Friday 12 November 2010

Diamond, not forever?

Recently (Imperial X-ray tabletop) researchers from Imperial College London, the University of Michigan and Instituto Superior Téchnico Lisbon have described a tabletop instrument that produces synchrotron X-rays, whose energy and quality allegedly rivals that produced by some of the largest X-ray facilities in the world ("Bright spatially-coherent synchrotron X-rays from a tabletop source" Nature Physics 24 October 2010, Imperial X-ray tabletop 2). Based on a helium ion plasma, the acceleration and X-ray production happens over less than a centimetre with the whole tabletop X-ray source housed in a vacuum chamber that is approximately 1 metre on each side.
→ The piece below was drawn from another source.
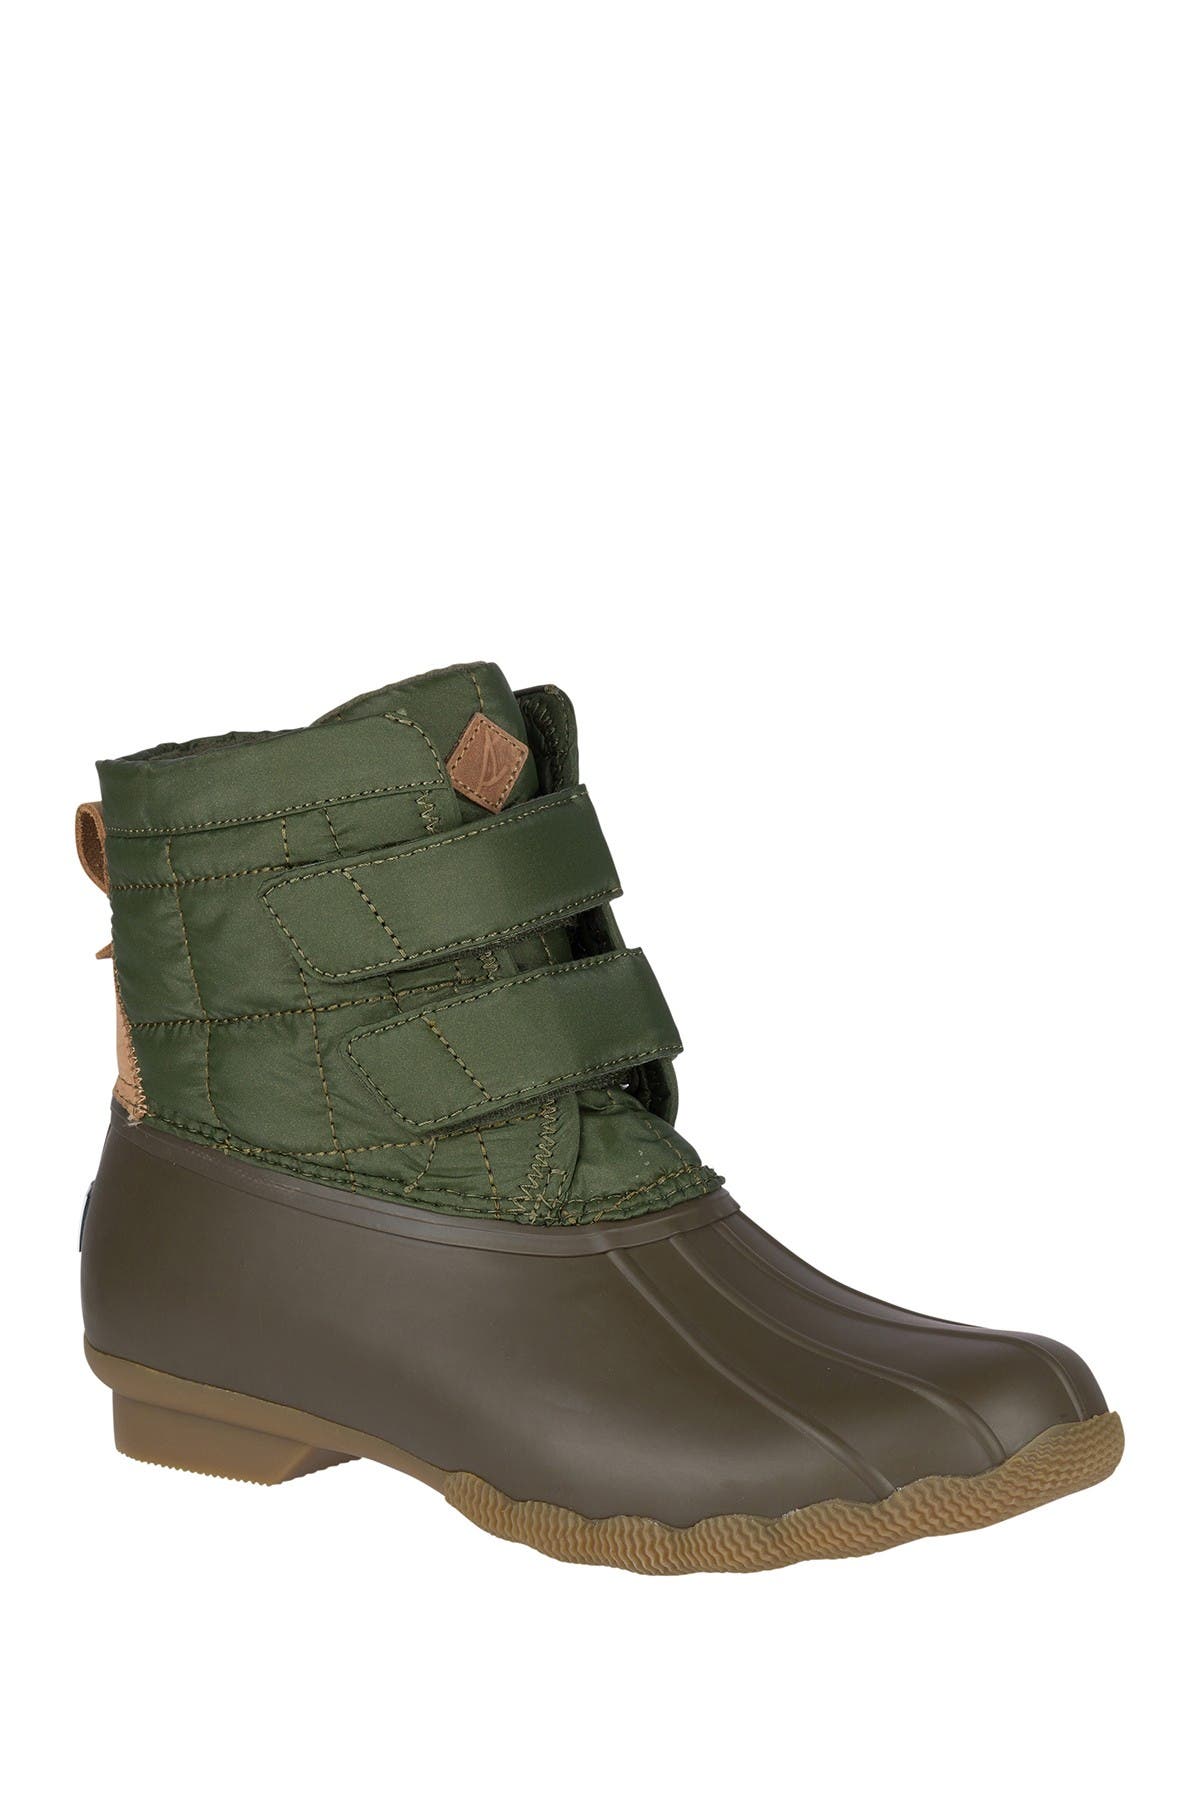 sperry jetty duck boots

Apparently, the Diamond Light Source synchrotron facility in Didcot, UK, is 0.5km in circumference and cost £263M to build.

Thursday 11 November 2010

Armistice Day

Today is a public holiday for many of our readers, being Armistice Day or Veterans Day. Some photographs from around the World can be seen at remembrance-day-in-pictures. Some 80% of the technology applications in the area of science we serve are non-military related, we hope this will lead to better outcomes Worldwide for future generations.

Friday 5 November 2010

Thought for the month

"...[Guy Fawkes] ....the only man to enter Parliament with honest intentions." From: Sharpe, J. A. (2005), Remember, Remember: A Cultural History of Guy Fawkes Day, Harvard University Press.